▶ **YOUR ASSIGNMENT**: Quote, word for word, only the lines running from the line with "Catch Show Me A Calendar For June 2022" through the end of the listing. Leave out the pictures.

*** RECORDED DATA ***

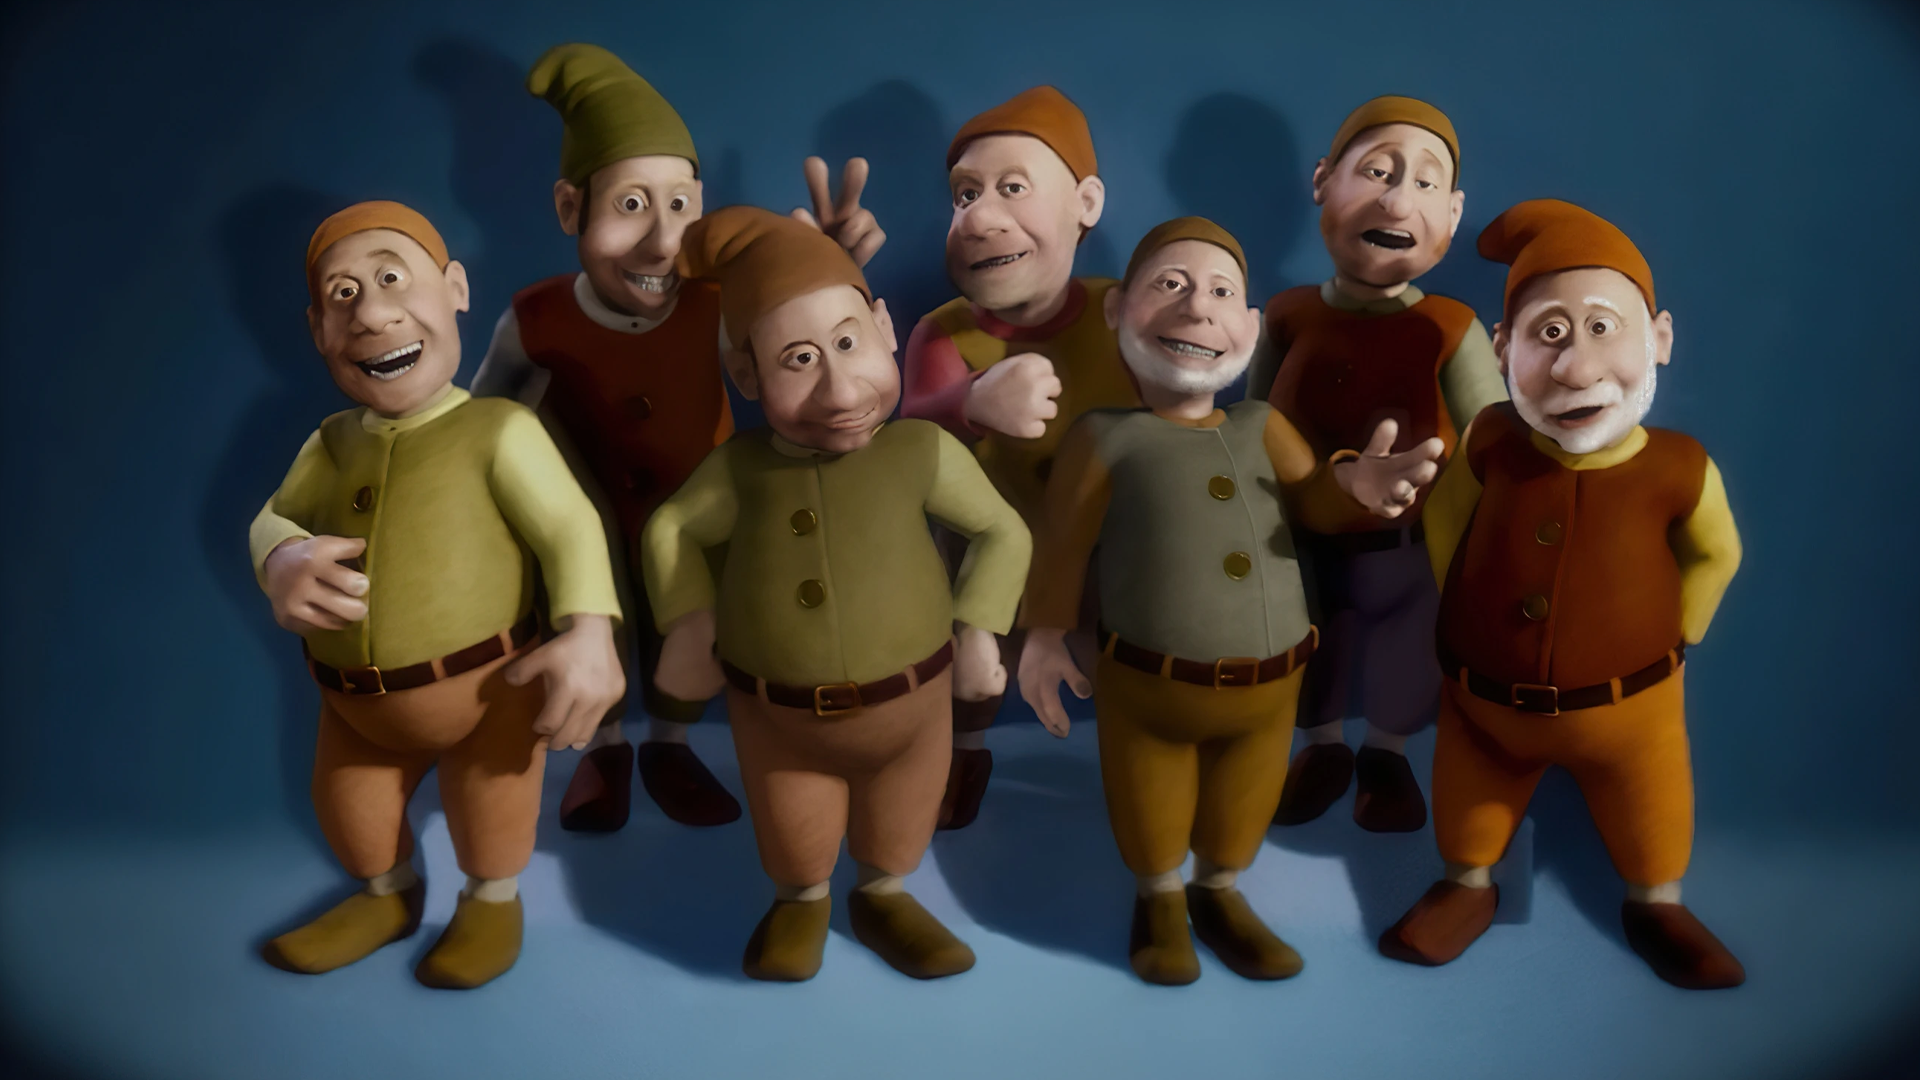 7 Dwarves
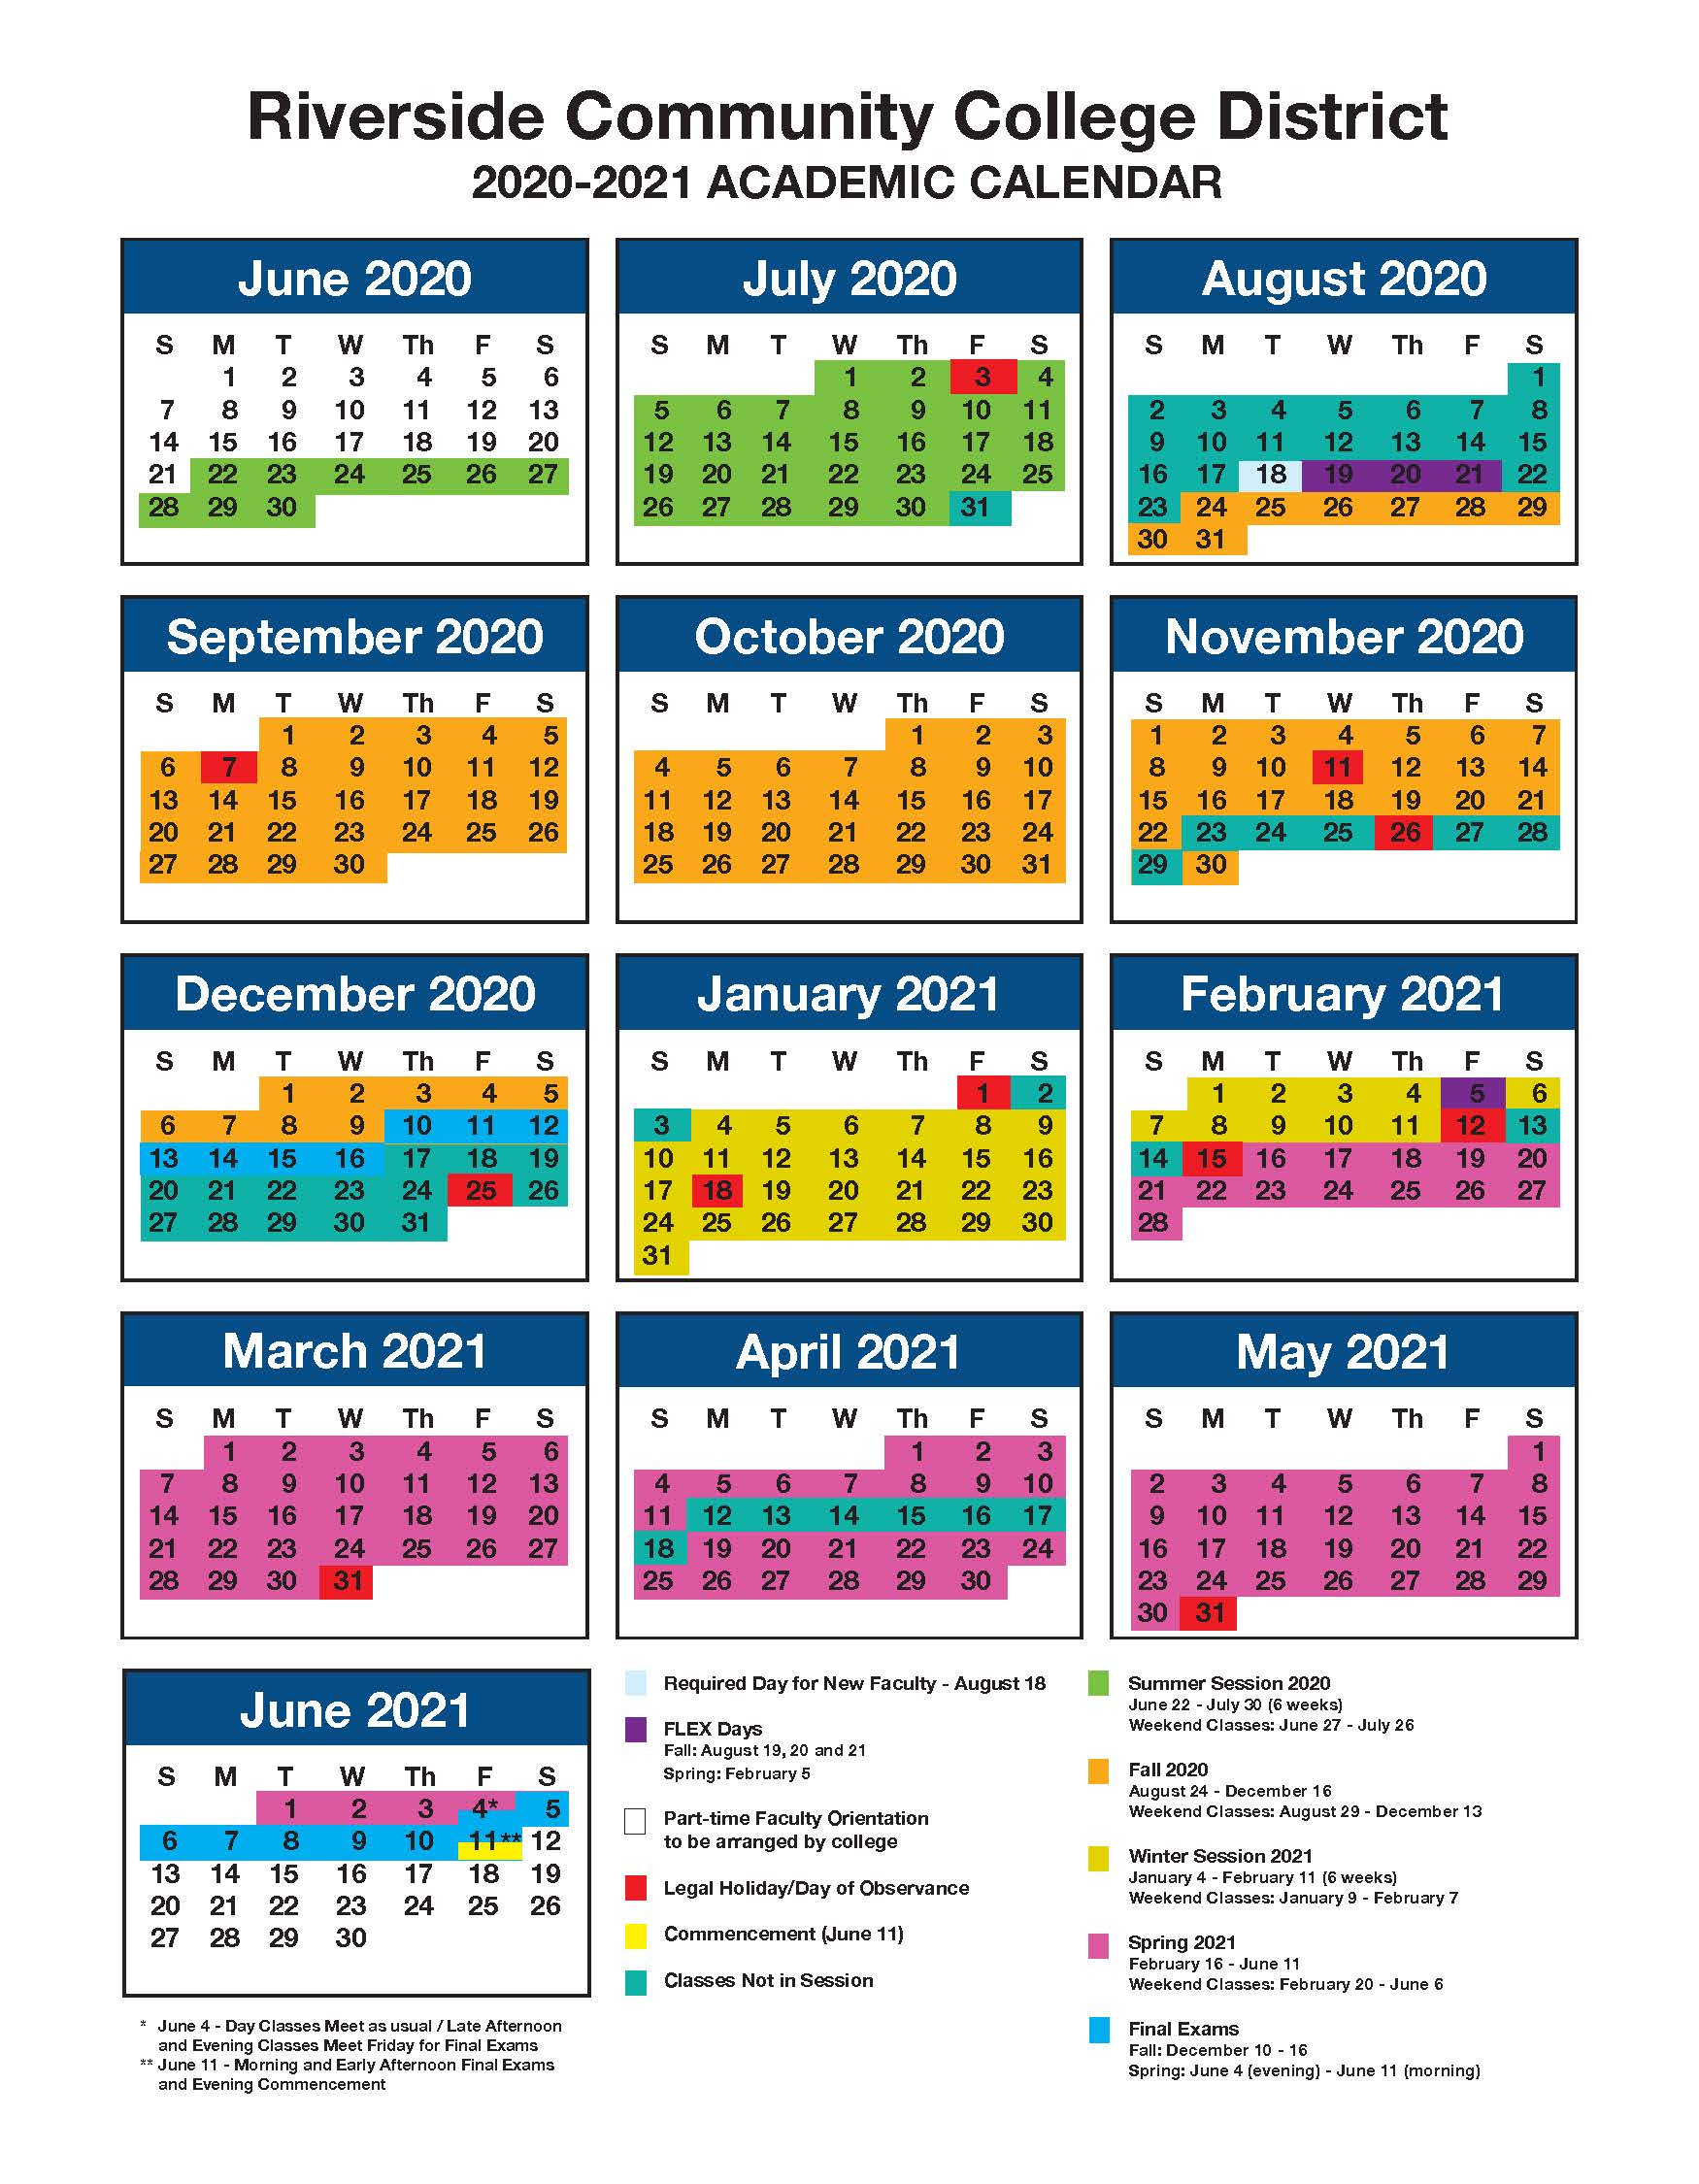 Catch Show Me A Calendar For June 2022
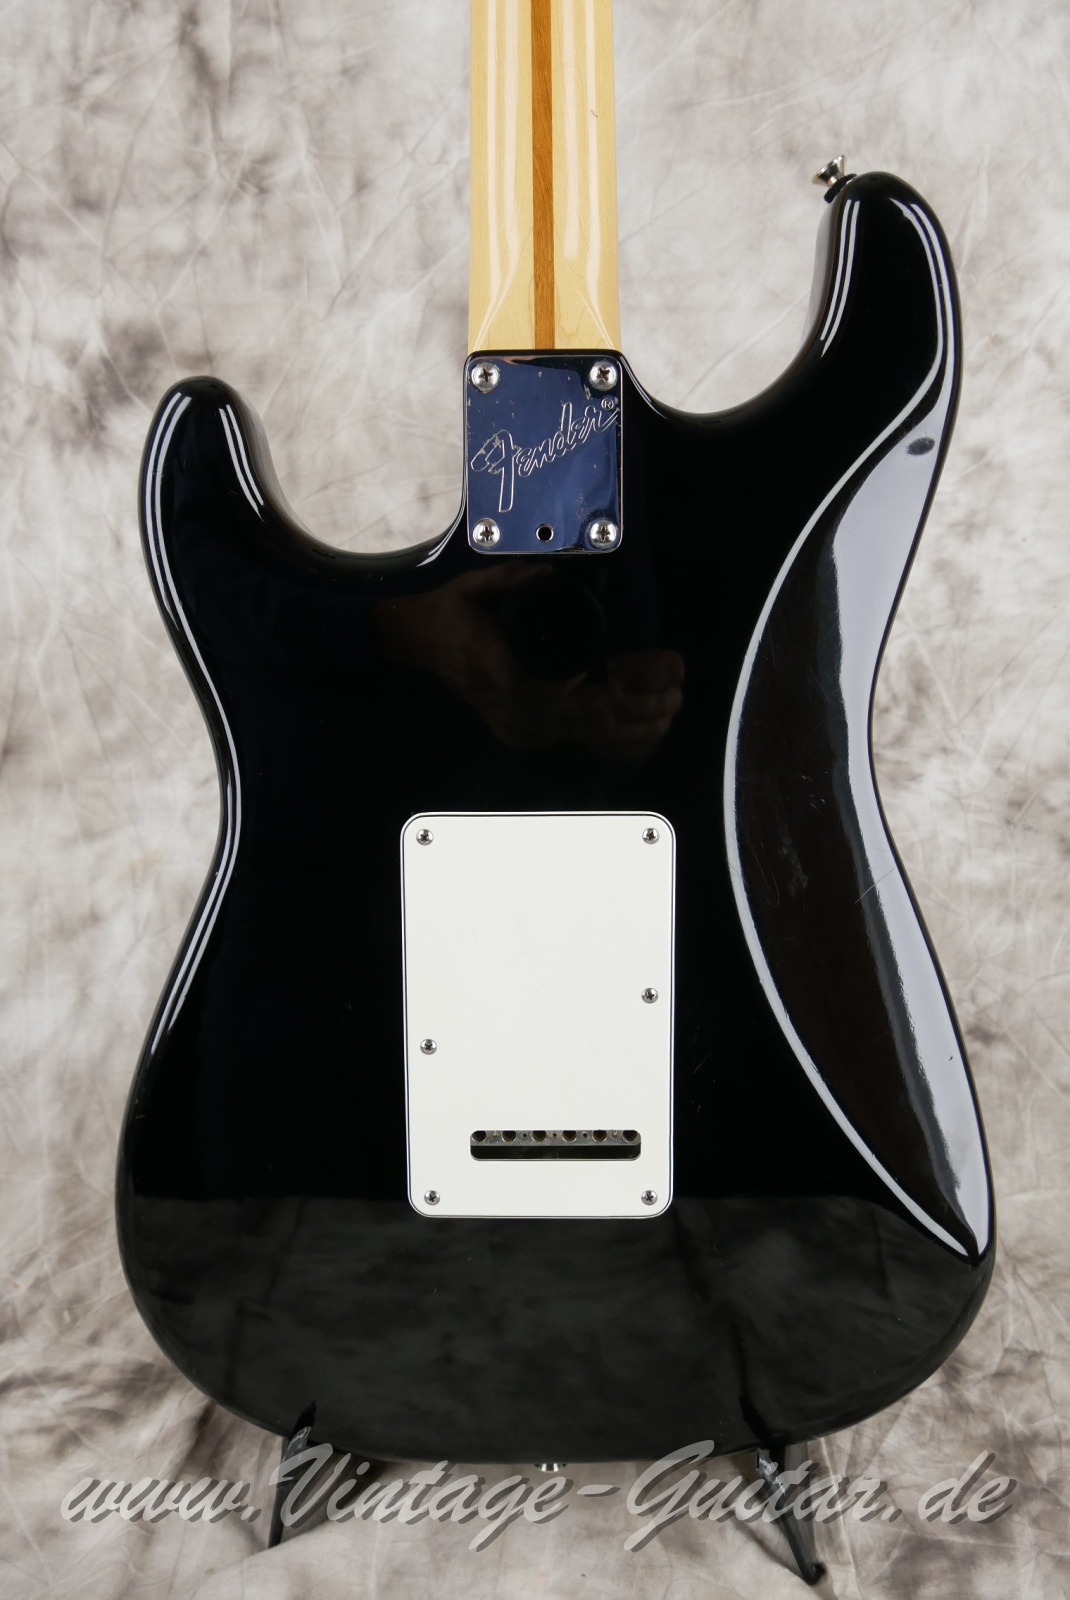 Fender-Stratocaster-American-Standard-1987-black-004.JPG

*** End of RECORDED DATA ***

▶ **TASK RESPONSE**:
 Catch Show Me A Calendar For June 2022
 Fender-Stratocaster-American-Standard-1987-black-004.JPG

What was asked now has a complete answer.